Here, we present an observational case report of choroidal involvement of subcutaneous diffuse large B-cell lymphoma (DLBCL). An 85-year-old female presented with a growing mass on her left abdominal wall that had been gradually growing over 2 months, which was diagnosed as subcutaneous DLBCL. A total of 1.5 months after her initial diagnosis, she presented with decreased peripheral vision of her right eye with intermittent pain for 1 month, and nausea and dizziness for 3 days. A large choroidal mass with vitreous seeding was found and vitreous aspiration with flow cytometry established the diagnosis of intraocular DLBCL. No tumorous lesions were detected anywhere else. Therefore, the patient was diagnosed as stage IV subcutaneous DLBCL with solely intraocular involvement, and was subsequently treated with systemic and intravitreal chemotherapy. A total of 9 months later, she achieved complete remission. It was concluded that subcutaneous extranodal DLBCL is a very rare form of non-Hodgkin lymphoma that can involve only the choroid.

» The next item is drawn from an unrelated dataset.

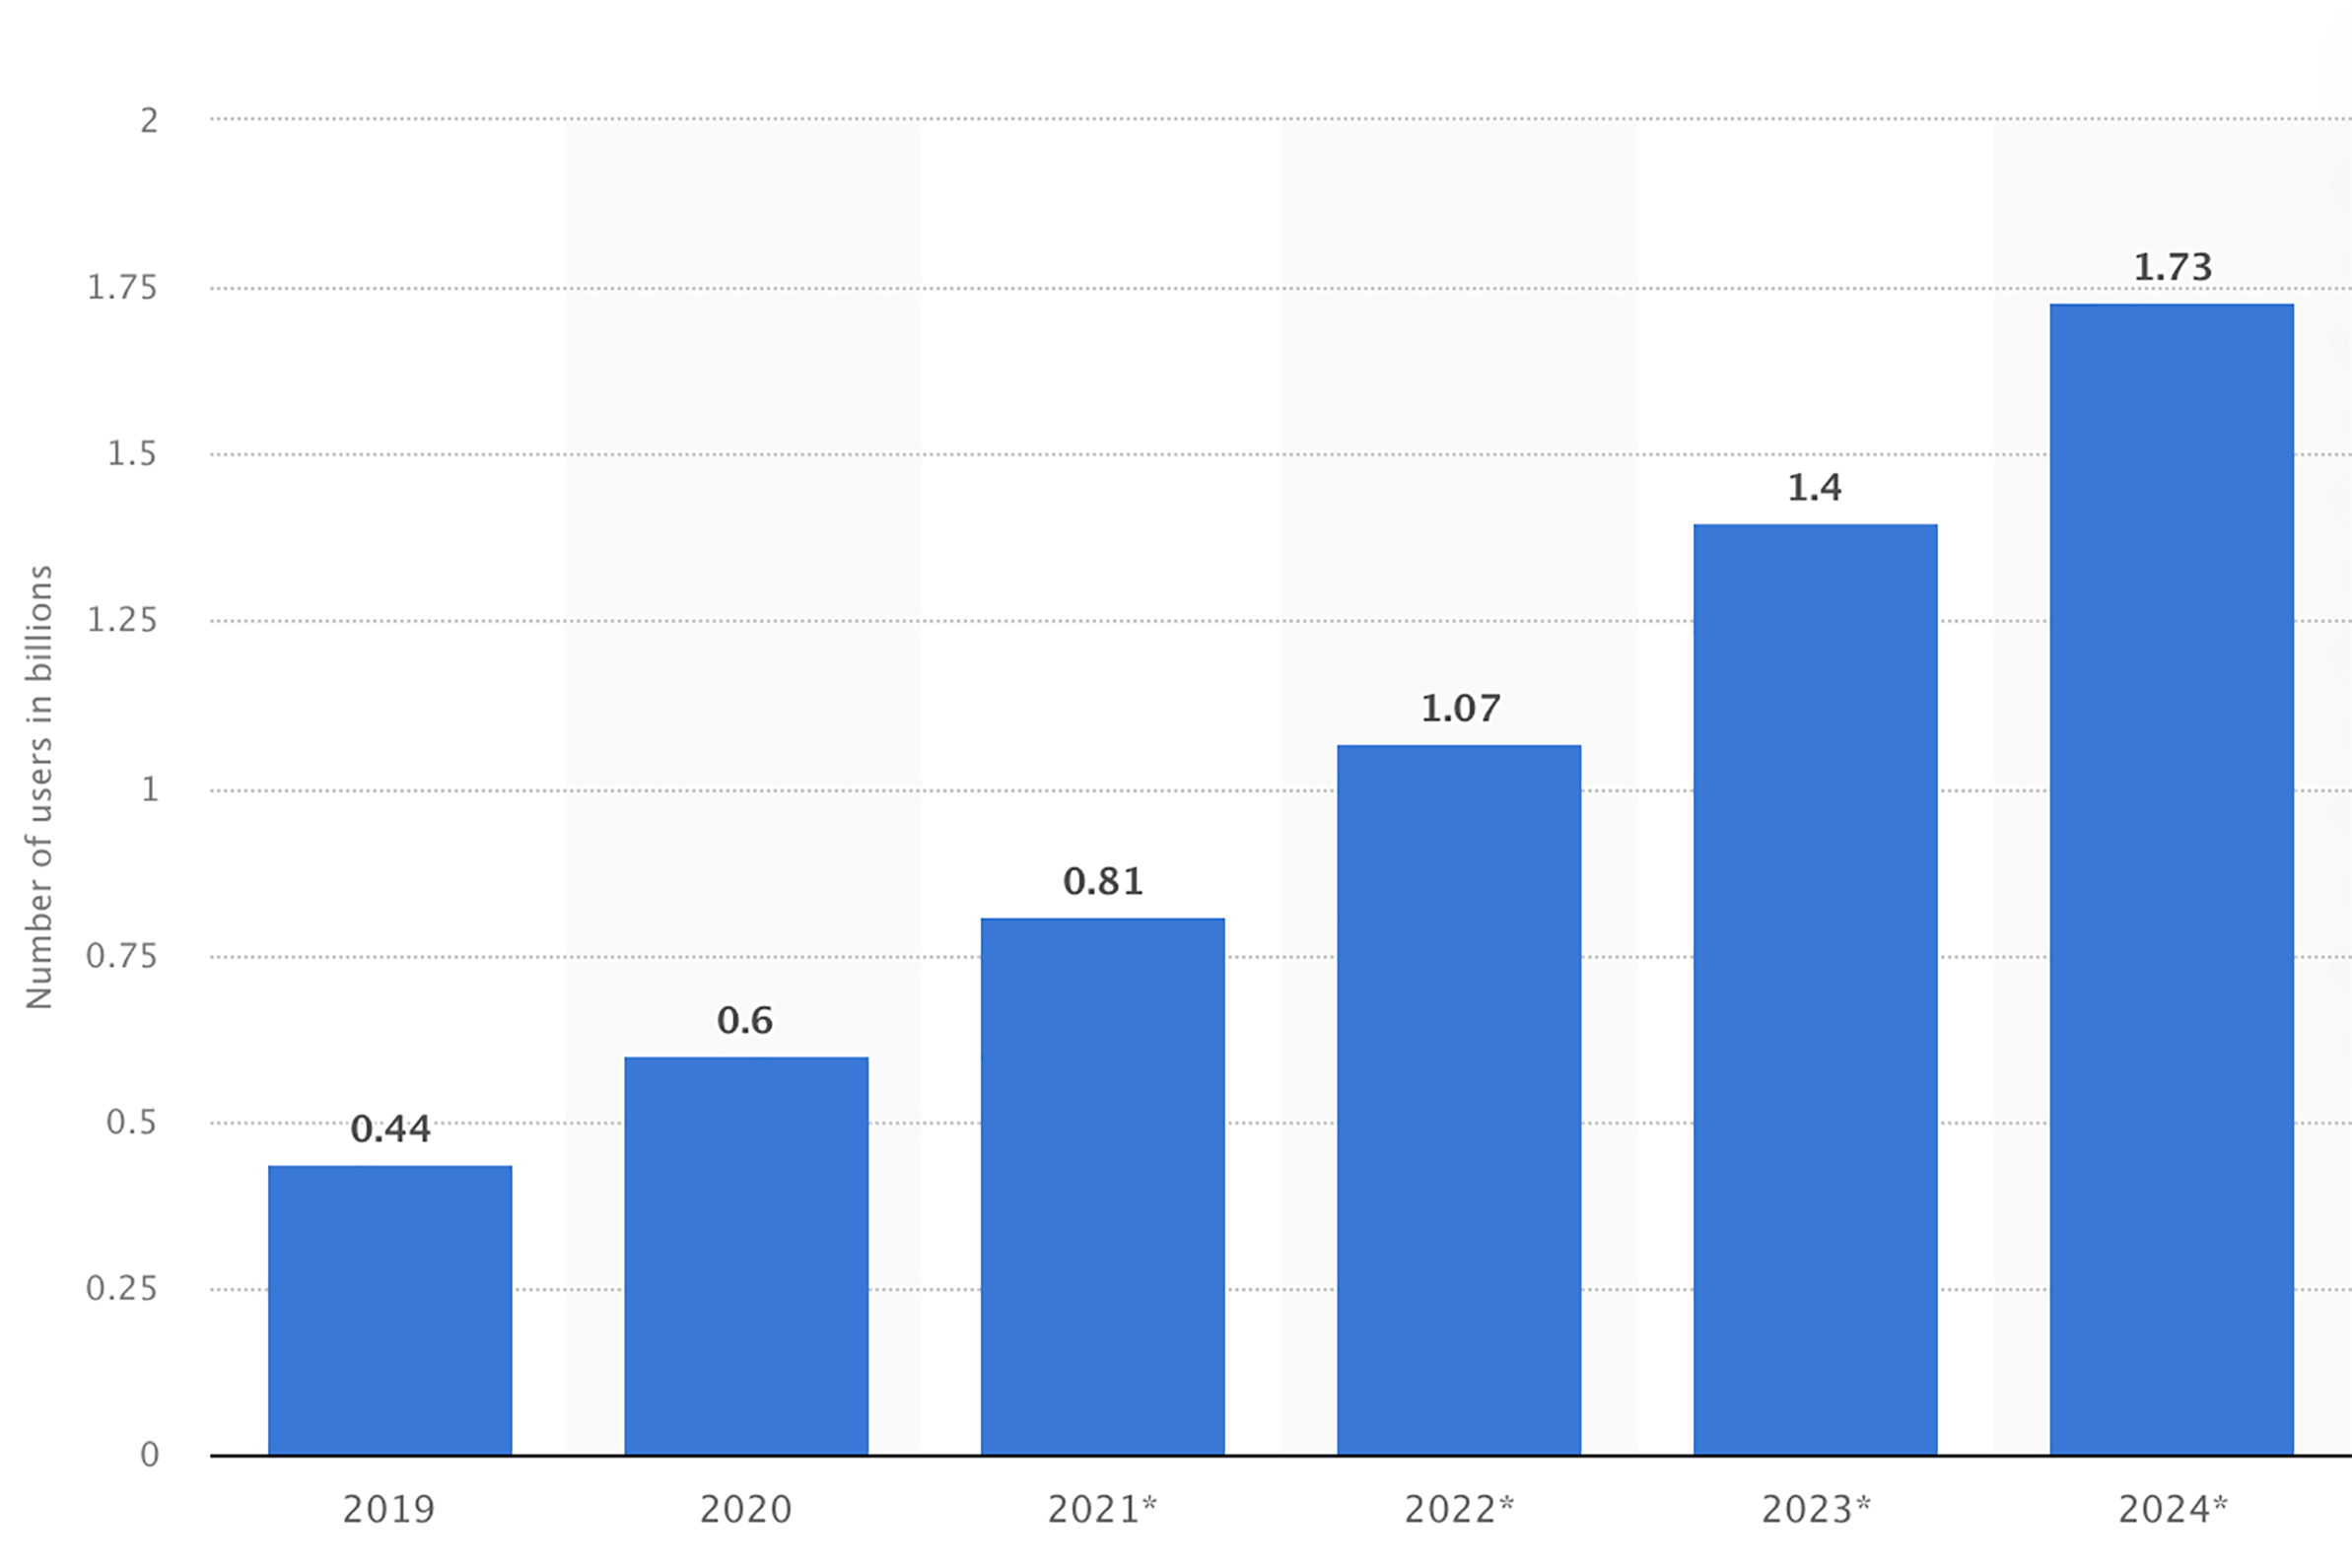 Number of mobile AR active user devices worldwide from 2019 to 2024

本文报告了一例皮下弥漫性大 B 细胞淋巴瘤(DLBCL)累及脉络膜的观察性病例。一名 85 岁女性因左腹壁逐渐增大的肿块就诊,2 个月来肿块逐渐增大,被诊断为皮下 DLBCL。在最初诊断后的 1.5 个月,她出现右眼周边视力下降,伴有间歇性疼痛 1 个月,恶心和头晕 3 天。发现右眼有一个大脉络膜肿块,伴有玻璃体播散,玻璃体抽吸并进行流式细胞术确立了眼内 DLBCL 的诊断。其他部位未发现肿瘤病变。因此,患者被诊断为仅累及眼内的 IV 期皮下 DLBCL,随后接受全身和玻璃体内化疗。9 个月后,她达到完全缓解。结论认为,皮下结外 DLBCL 是一种非常罕见的非霍奇金淋巴瘤形式,仅可累及脉络膜。